Les vastes plates-formes de glace flottantes du nord du Groenland, qui maintiennent nos mers plus profondes en retenant plusieurs milliards de tonnes de glace, sont en fort déclin, selon une nouvelle étude scientifique publiée récemment.
Ces plates-formes de glace du nord du Groenland ont perdu 35 % de leur volume total depuis 1978, selon une étude publiée dans Nature Communications.
Cela représente une perte d’environ 400 milliards de tonnes de glace flottante, qui agissait comme un bouchon dans un navire, empêchant les glaciers de se jeter dans la mer et accélérant l’élévation du niveau de la mer. Il ne reste désormais plus que cinq grandes plates-formes s’étendant de ses fjords à la mer du Groenland et à l’océan Arctique.
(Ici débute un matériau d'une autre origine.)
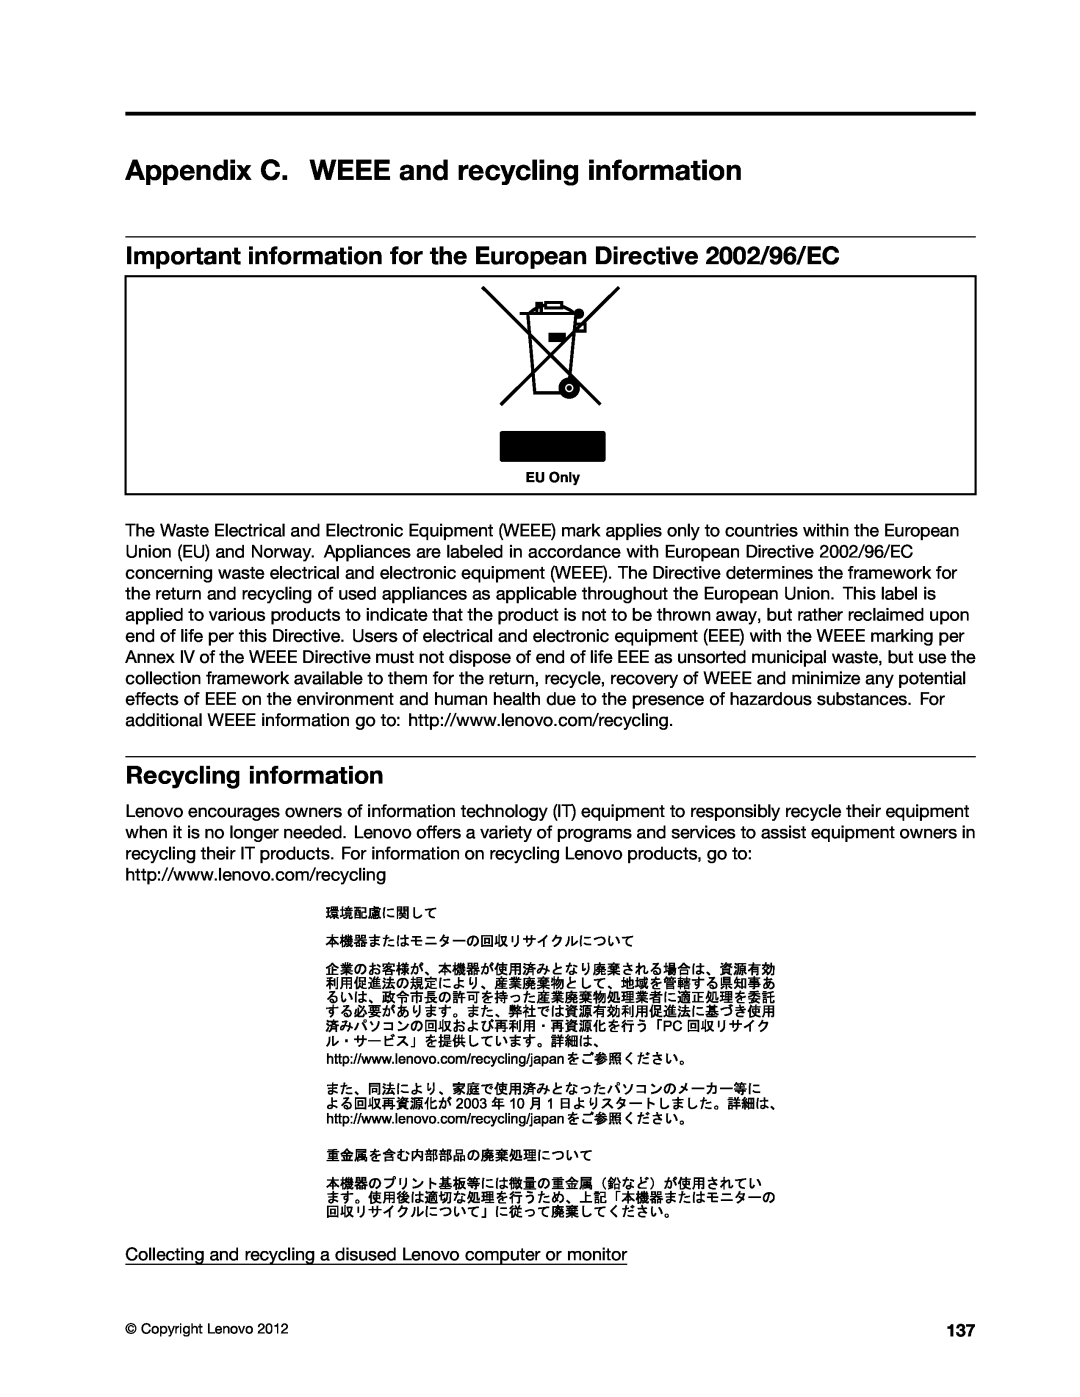 Lenovo 2697 manual Appendix C. WEEE and recycling information, Important information for the European Directive 2002/96/EC

Il s’agit notamment de trois glaciers principaux : les glaciers Petermann, Ryder et Nioghalvfjerdsbrae (souvent appelés 79 Nord en raison de leur situation en latitude), dont les glaciers respectifs pourraient à terme être responsables de plus d’un mètre d’élévation du niveau de la mer s’ils venaient à fondre complètement.
« Ce sont les dernières plates-formes de glace restantes sur la calotte glaciaire », a déclaré Romain Millan, auteur principal de l’étude dans Nature Communications et scientifique à l’Université de Grenoble Alpes en France. « Tout le monde s’est effondré ou s’est retiré. »
TOUT POURRAIT ÊTRE PIRE
Dans l’ensemble, la fonte des glaces au Groenland entre 2006 et 2018 a causé environ 17 % de l’élévation du niveau de la mer observée dans le monde. Cependant, les choses pourraient empirer à partir de là.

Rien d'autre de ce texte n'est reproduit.